The following recommendations are provided on how to engage in this activity:
- Expense-related data requires that costs be analyzed in a fairly generic, non-discrete manner.
- All expenses for which information is provided should be evaluated as Required versus Luxury, with Required defined based on medical history inferred by response to other parts of the survey (i.e a categorical organ systems-related check box series of questions on chronic diseases, or an open-ended response question on listing these diseases and the medication histories, data which is then recoded).
- Luxury expenses are those incurred due to the purchase of OTC preventive medications and the cost for participation in all health promoting activities.
- Specific questions in the original survey may need to be added and followed up in order to determine the true cost for required out-of-pocket expenditures incurred by each patient. These questions would require a listing of medication names or types and estimated costs per month for each individual drug, or all drugs collectively.

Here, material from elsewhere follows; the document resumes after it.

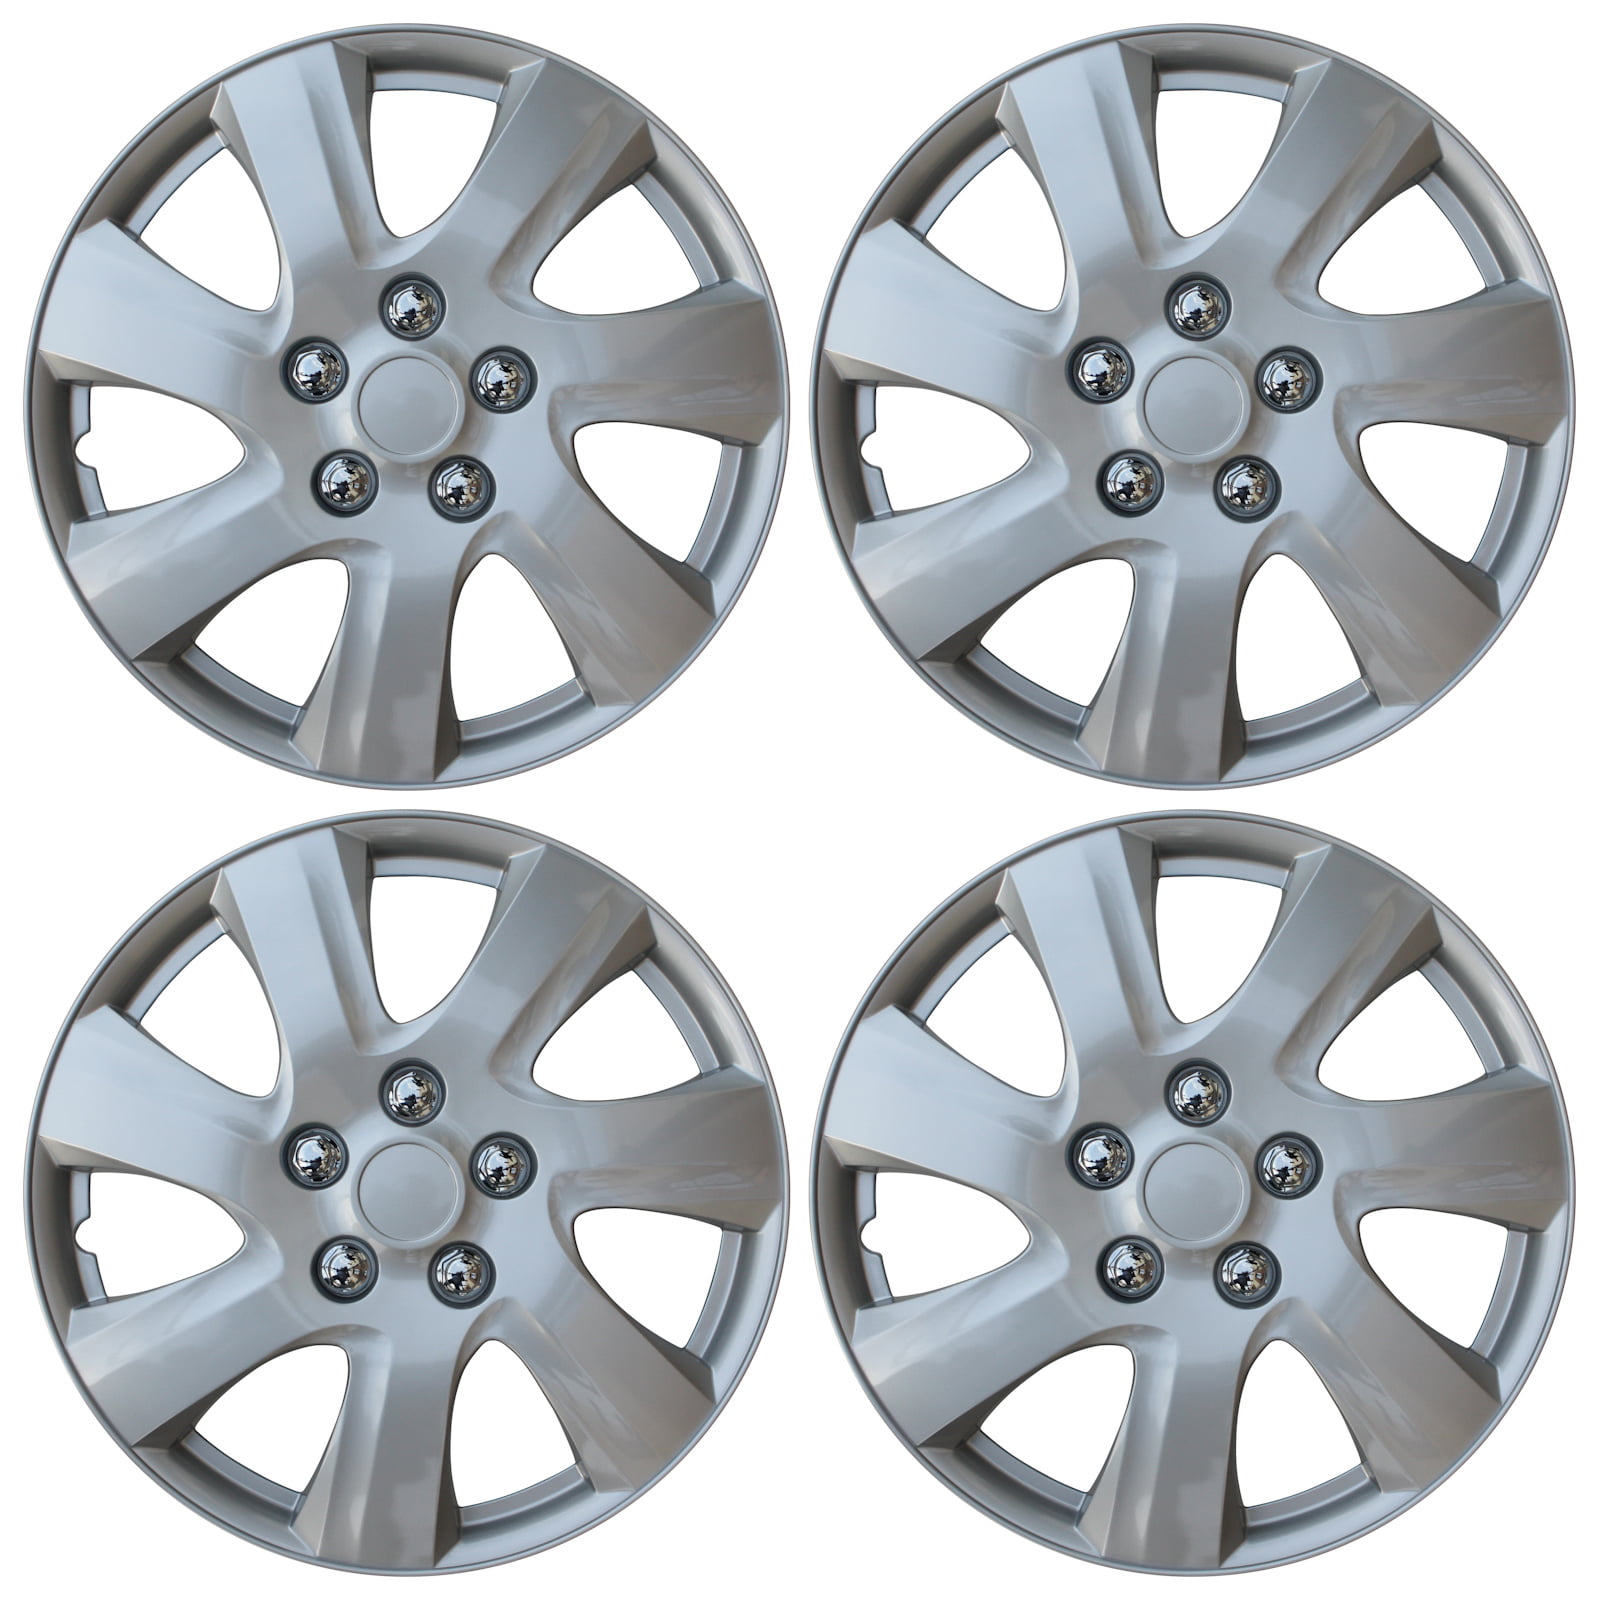 Rims Cover Wheel Skin Covers 15" Inches ABS Plastic Hubcap 4pcs Style #B721

- Only Out-of-Pocket Expenses are to be requested; in other words, if a patient has a prescription for a drug that normally costs $1000/month, and has an out-of-pocket requiring a $135 payment for a refill, then the expense evaluated is $135, not $1000.

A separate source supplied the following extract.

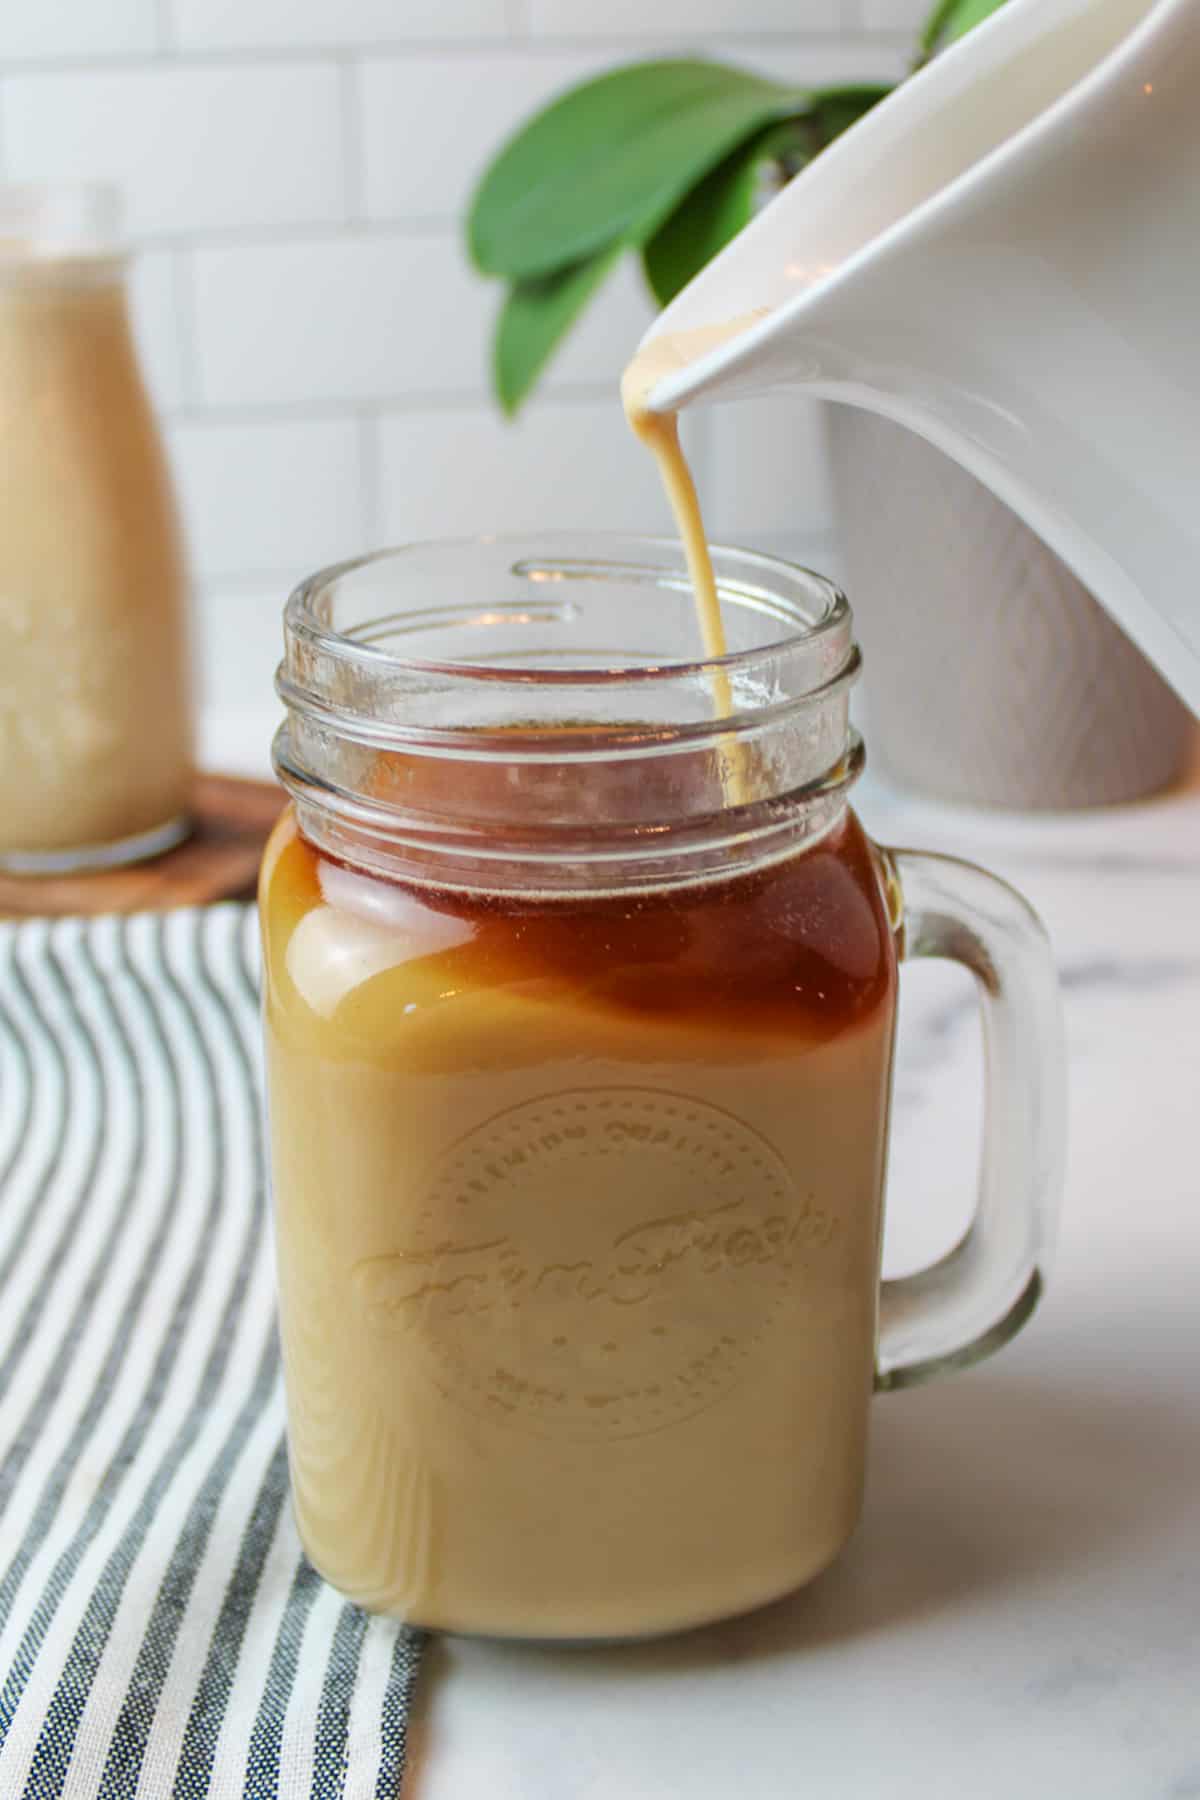 pumpkin creamer pouring into a glass of coffee

The best way to evaluate the expenses attached to someone’s preventive/palliative self-generated activities is through the use of a log equation for evaluating costs. If expenses accounted for vary from <$10 for some of the research categories to >$1000 for the most expensive categories, then the log10 equivalent to expenses should be evaluated, otherwise, apply natural Log values to the expense equations for interpretation. The differences between two groups of logExpense may then be evaluated and compared for statistical comparison of the data sets selected for review. For example, LogExpense for risk behavior can be compared with LogExpense for healthy behaviors. This would be done if the patient were asked to include in the diary questions related to the amount of money spent on cigarettes per week, or an estimate of such derived from the estimated number of packs smoked per week, per day, etc. Likewise, the logExpense for amount of money spent on alcoholic beverages, or amounts of unhealthy foods purchased versus healthy foods could be evaluated (these specific questions would also have to be required for the expenses diary to then be of use). In general, the amount of activities one engaged in relative to health can be measured by reviewing the expenses related to travel that are incurred, such as gas expenses, monthly or daily bus tickets that had to be purchased, and costs for taxis to the zoo or shared driving expenses for group-related events.
The advantages of using log values is that logs can produce results that are more likely to form a straight line. This enables a more specific relationship to be displayed on the graphs or charts that are produced. This relationship is usually very noticeable on the graph or chart.